What you should do:
The data below holds the lines to copy: everything from the line containing "Fendissime \N Handtasche" to the line containing "New Summer Candy", both ends included, set down exactly.

Stored data:
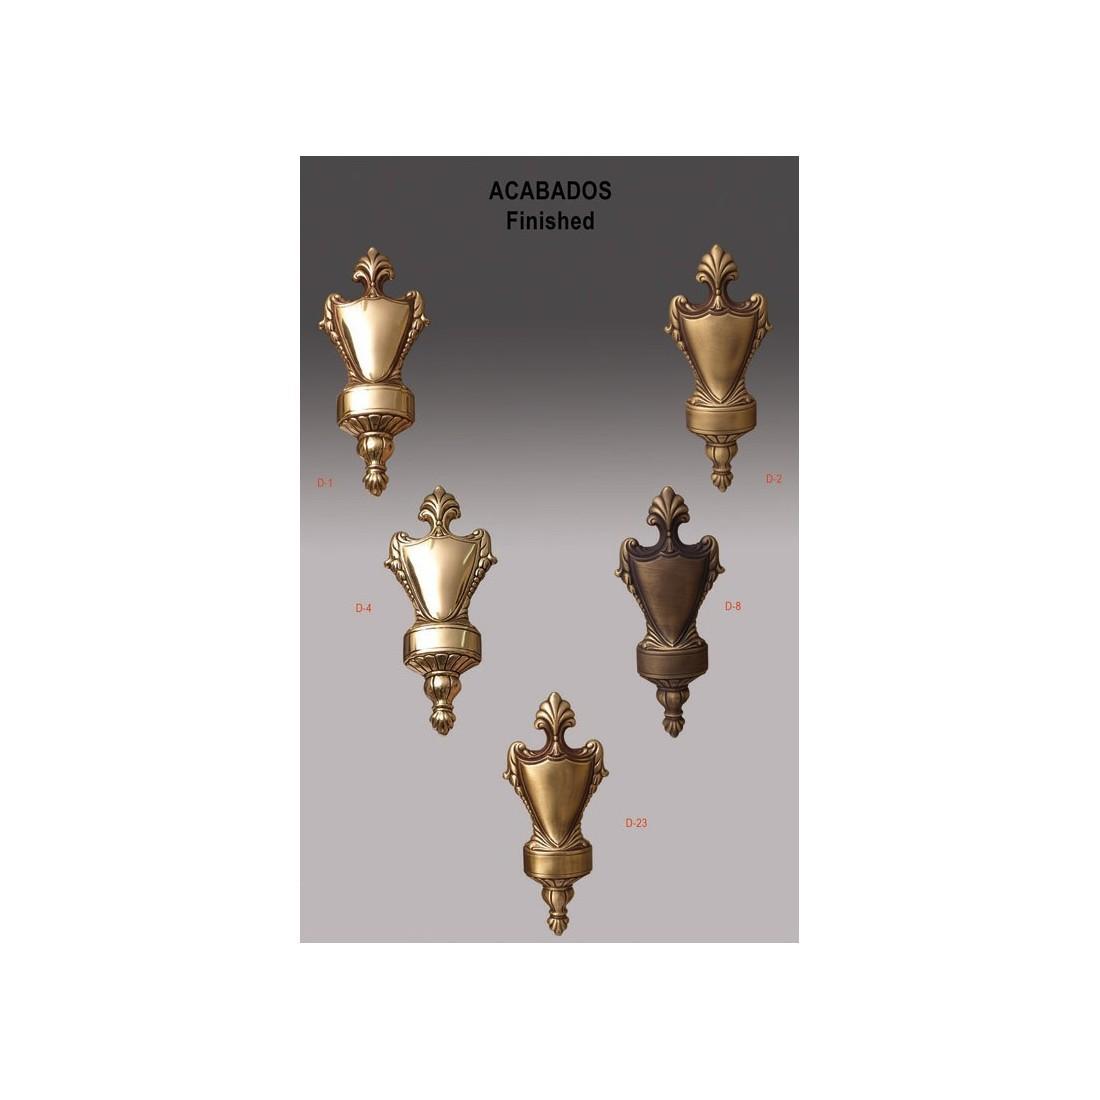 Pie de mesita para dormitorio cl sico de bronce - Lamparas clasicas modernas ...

...

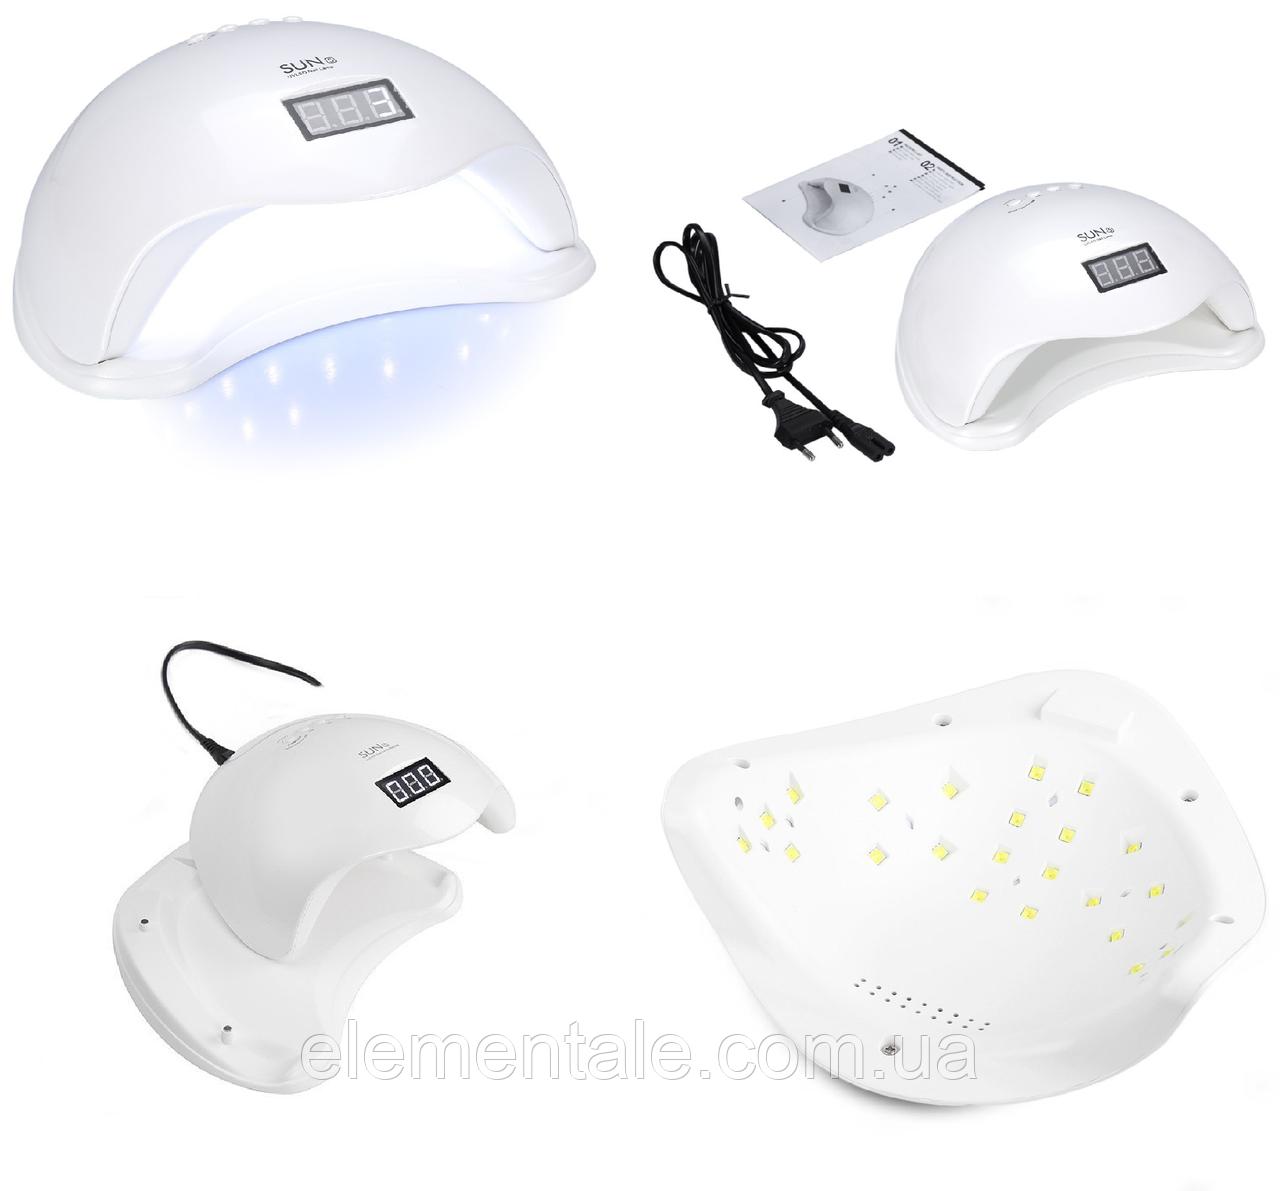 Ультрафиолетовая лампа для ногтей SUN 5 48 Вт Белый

* * *

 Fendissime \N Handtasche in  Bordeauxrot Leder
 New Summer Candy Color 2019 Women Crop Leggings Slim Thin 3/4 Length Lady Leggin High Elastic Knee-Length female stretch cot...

Your solution:
 Fendissime \N Handtasche in  Bordeauxrot Leder
 New Summer Candy Color 2019 Women Crop Leggings Slim Thin 3/4 Length Lady Leggin High Elastic Knee-Length female stretch cot...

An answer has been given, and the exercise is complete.